___ Recorded data ___
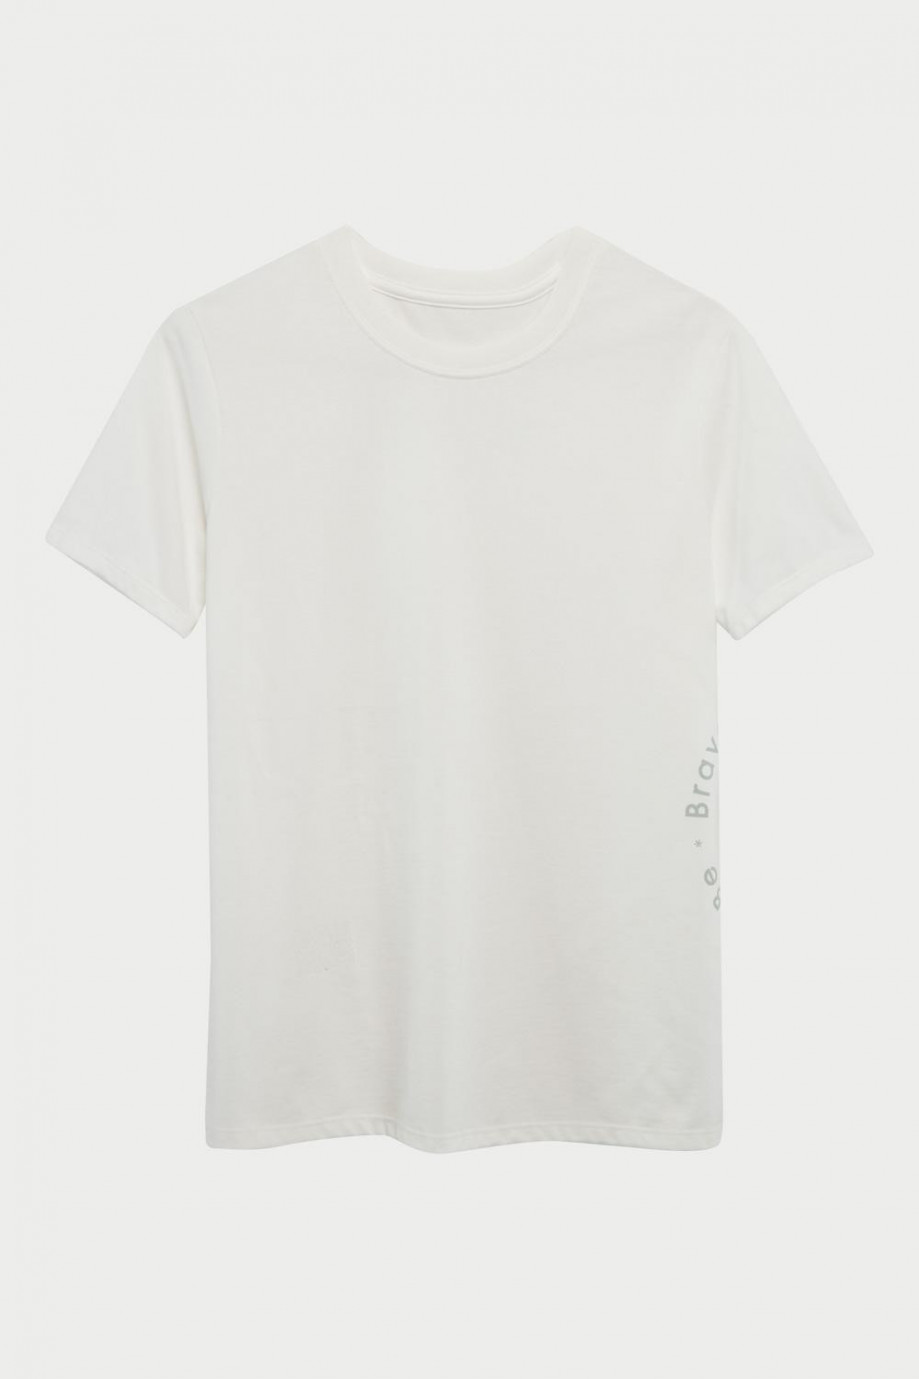 Camiseta crema claro manga corta con estampado en frente
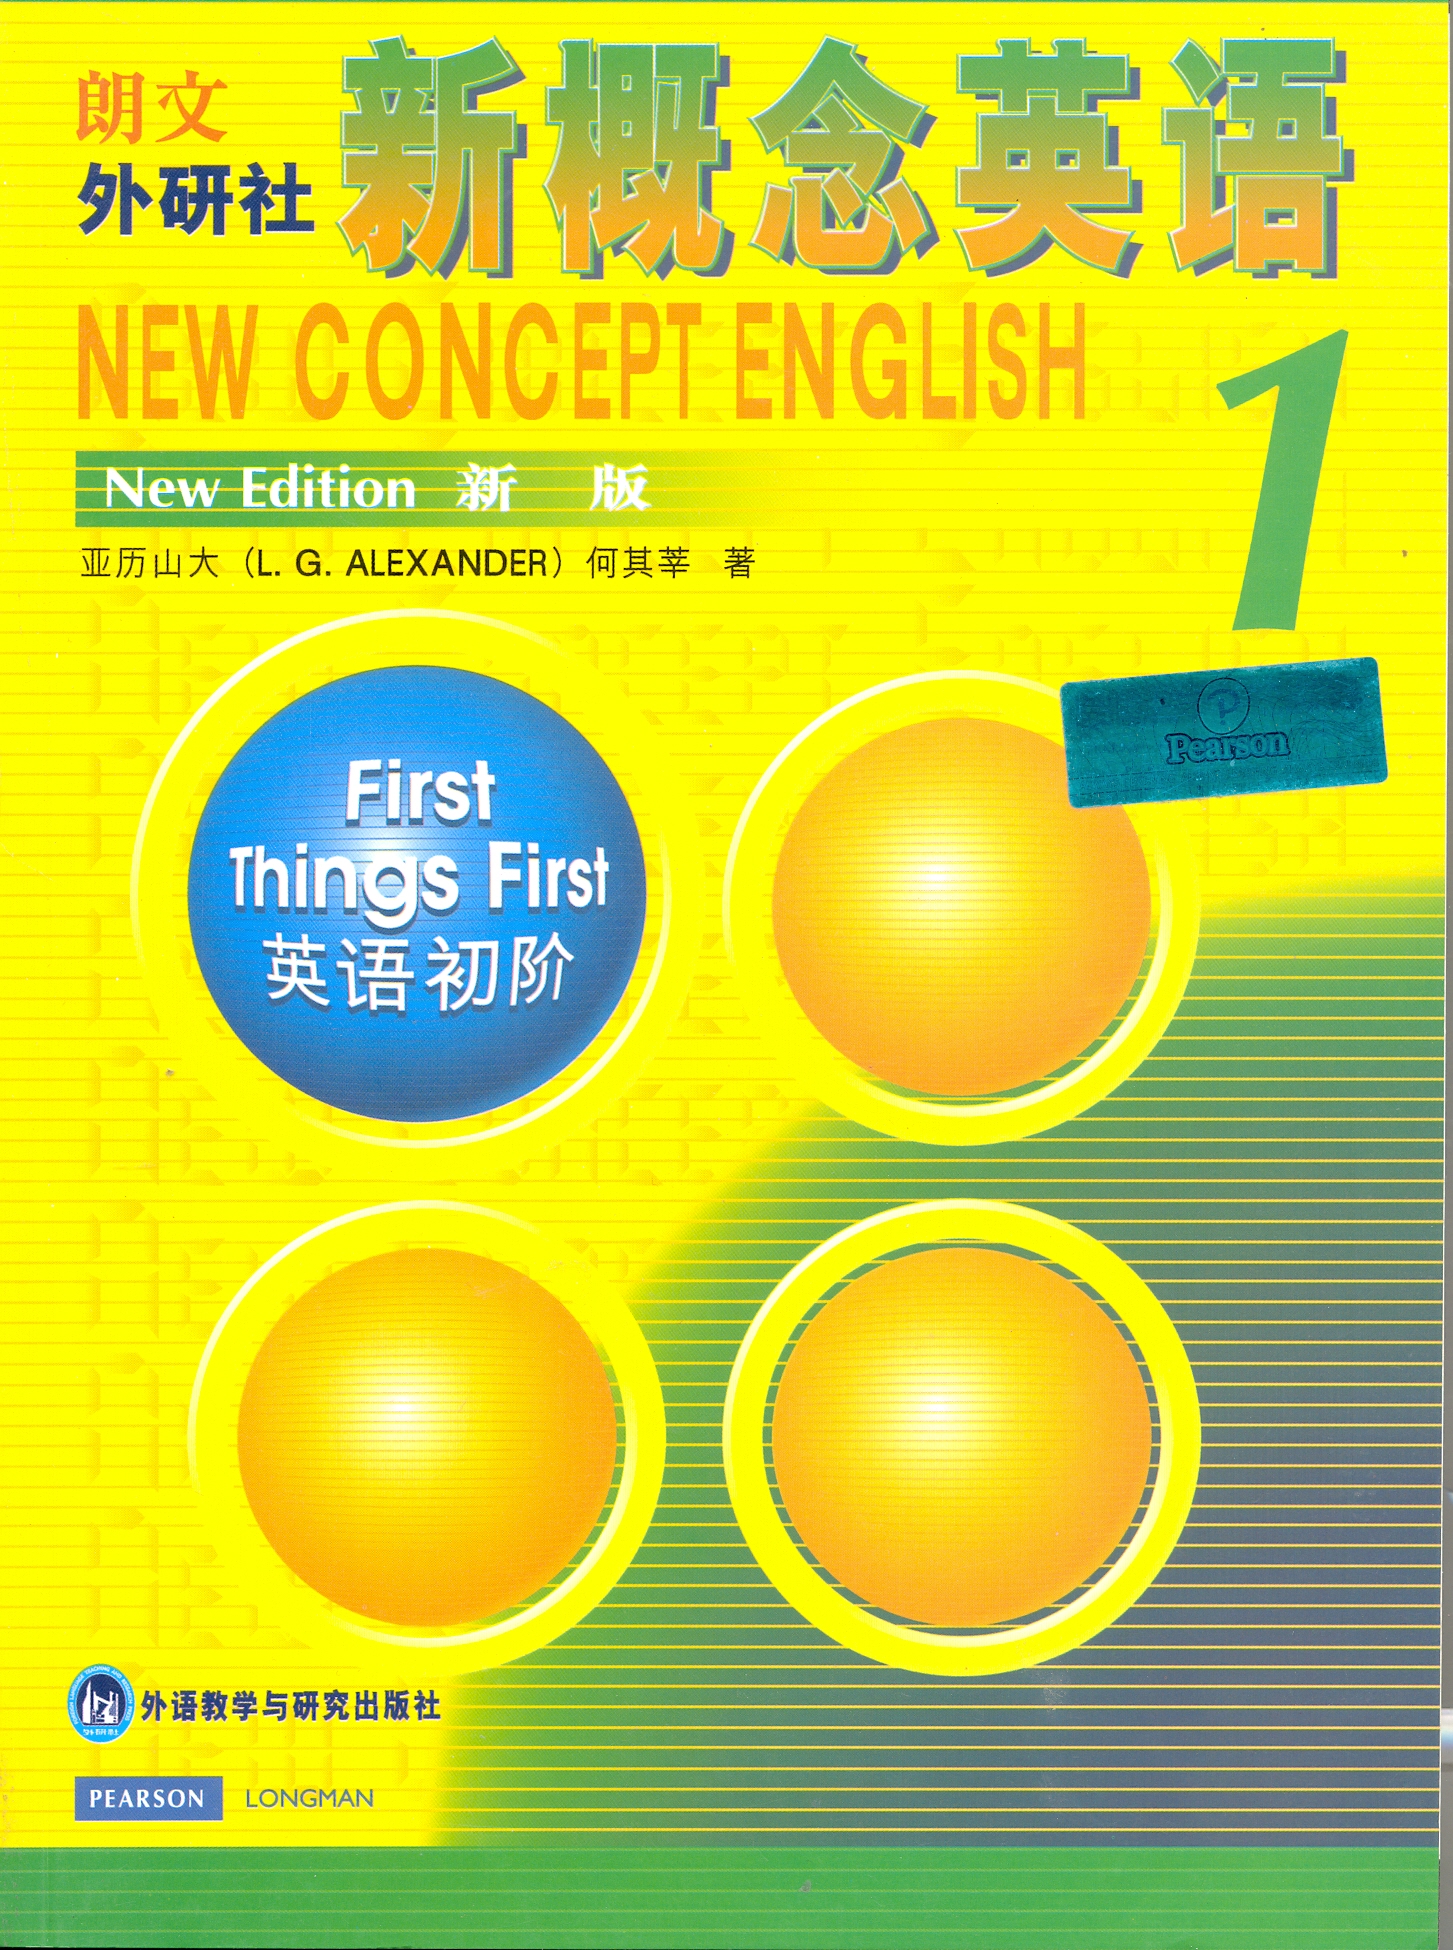 New Concept English.
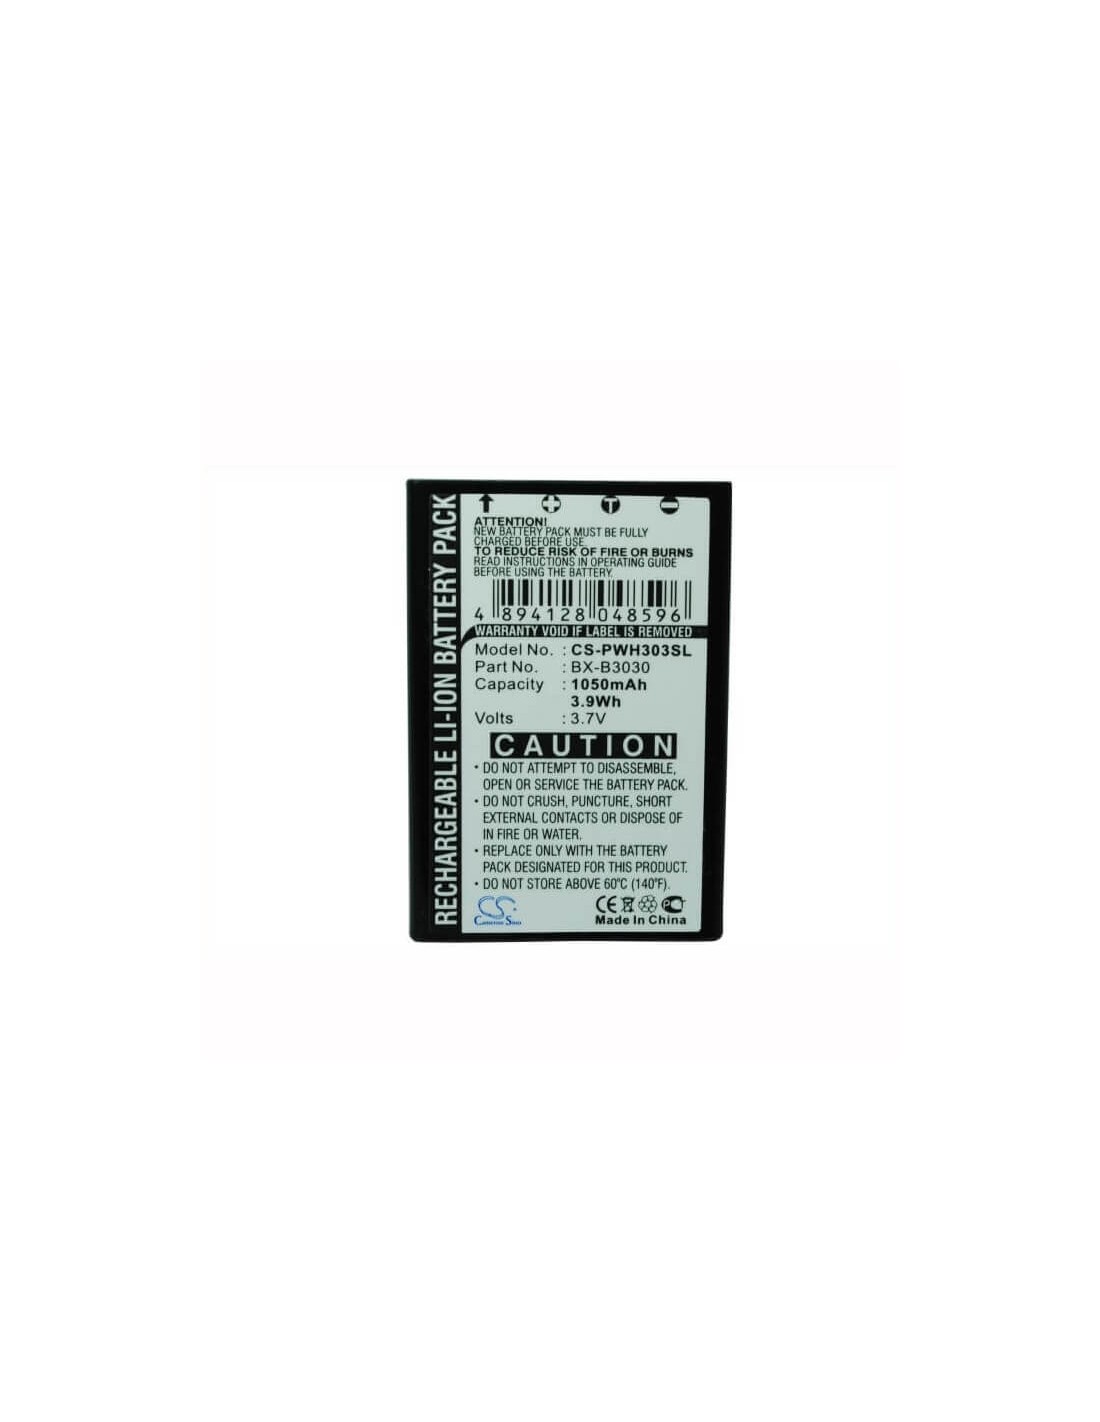 Battery for Panasonic Wx-h3030, Wx-t3020, Attune 3020 3.7V, 1050mAh - 3.89Wh
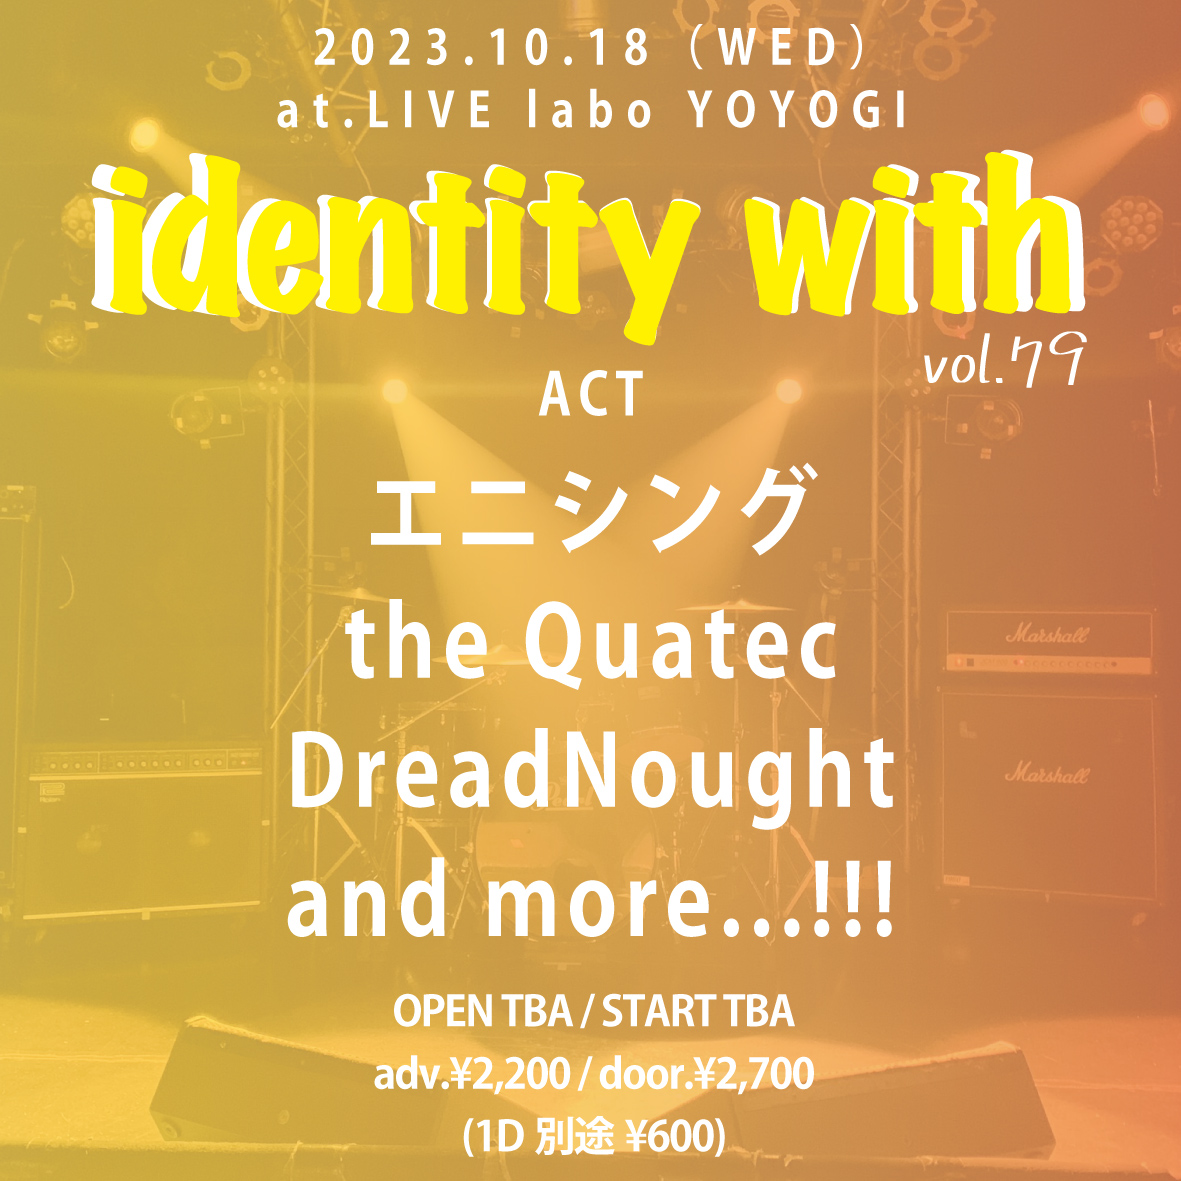 identity with vol.79
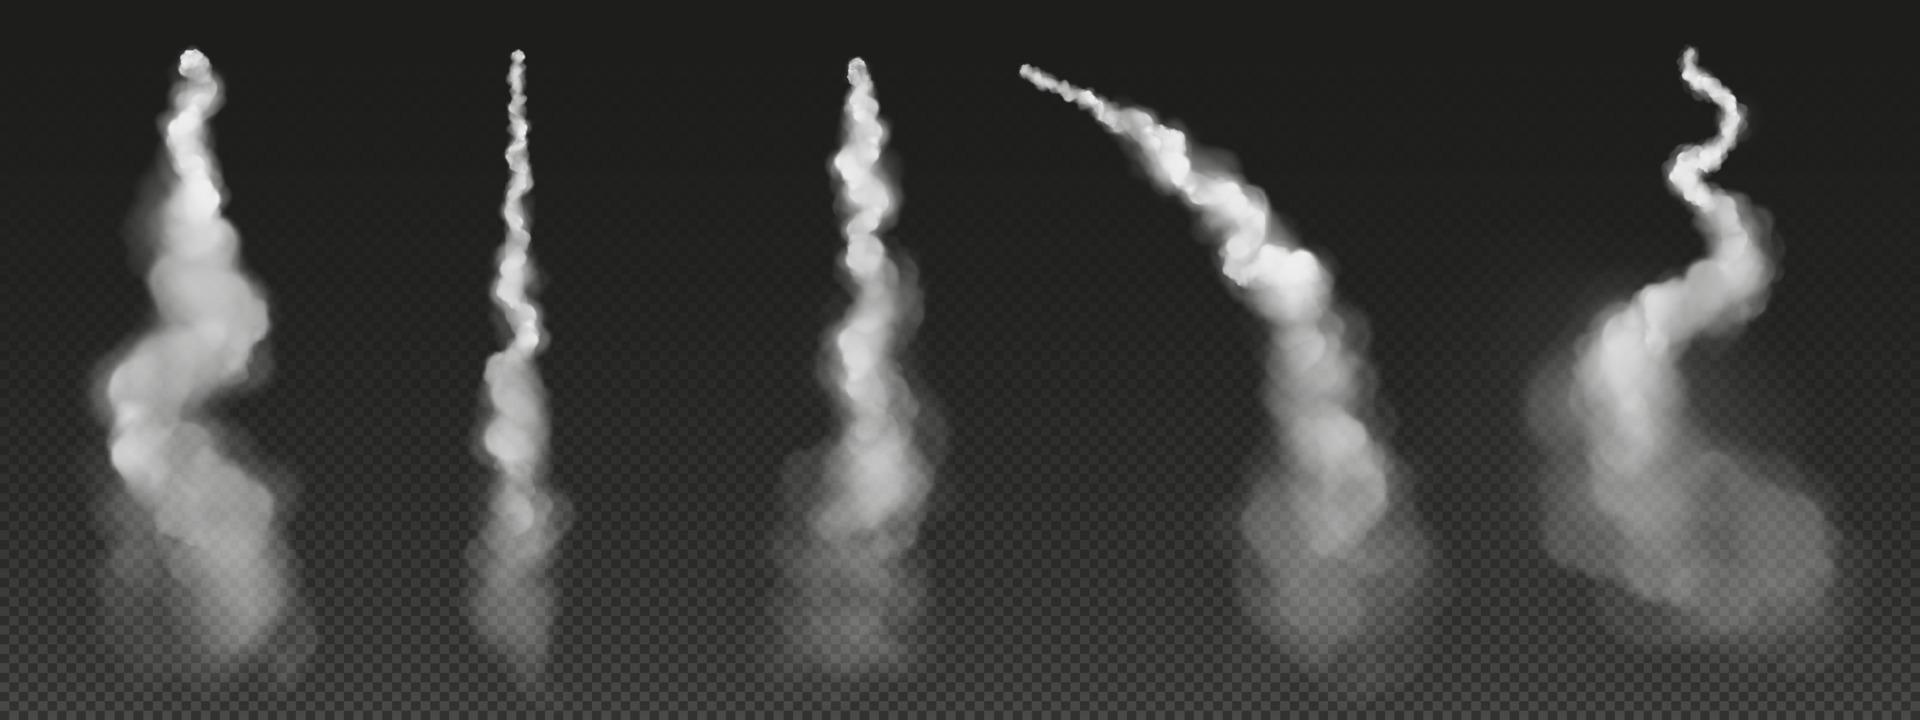 estela de cohetes, humo de avión, avión o nubes de chorro vector
___
(Problem):
Give back each line above verbatim, dropping every picture.

(Response area):
 Camiseta crema claro manga corta con estampado en frente
 New Concept English.
 Battery for Panasonic Wx-h3030, Wx-t3020, Attune 3020 3.7V, 1050mAh - 3.89Wh
 identity with vol.79
 estela de cohetes, humo de avión, avión o nubes de chorro vector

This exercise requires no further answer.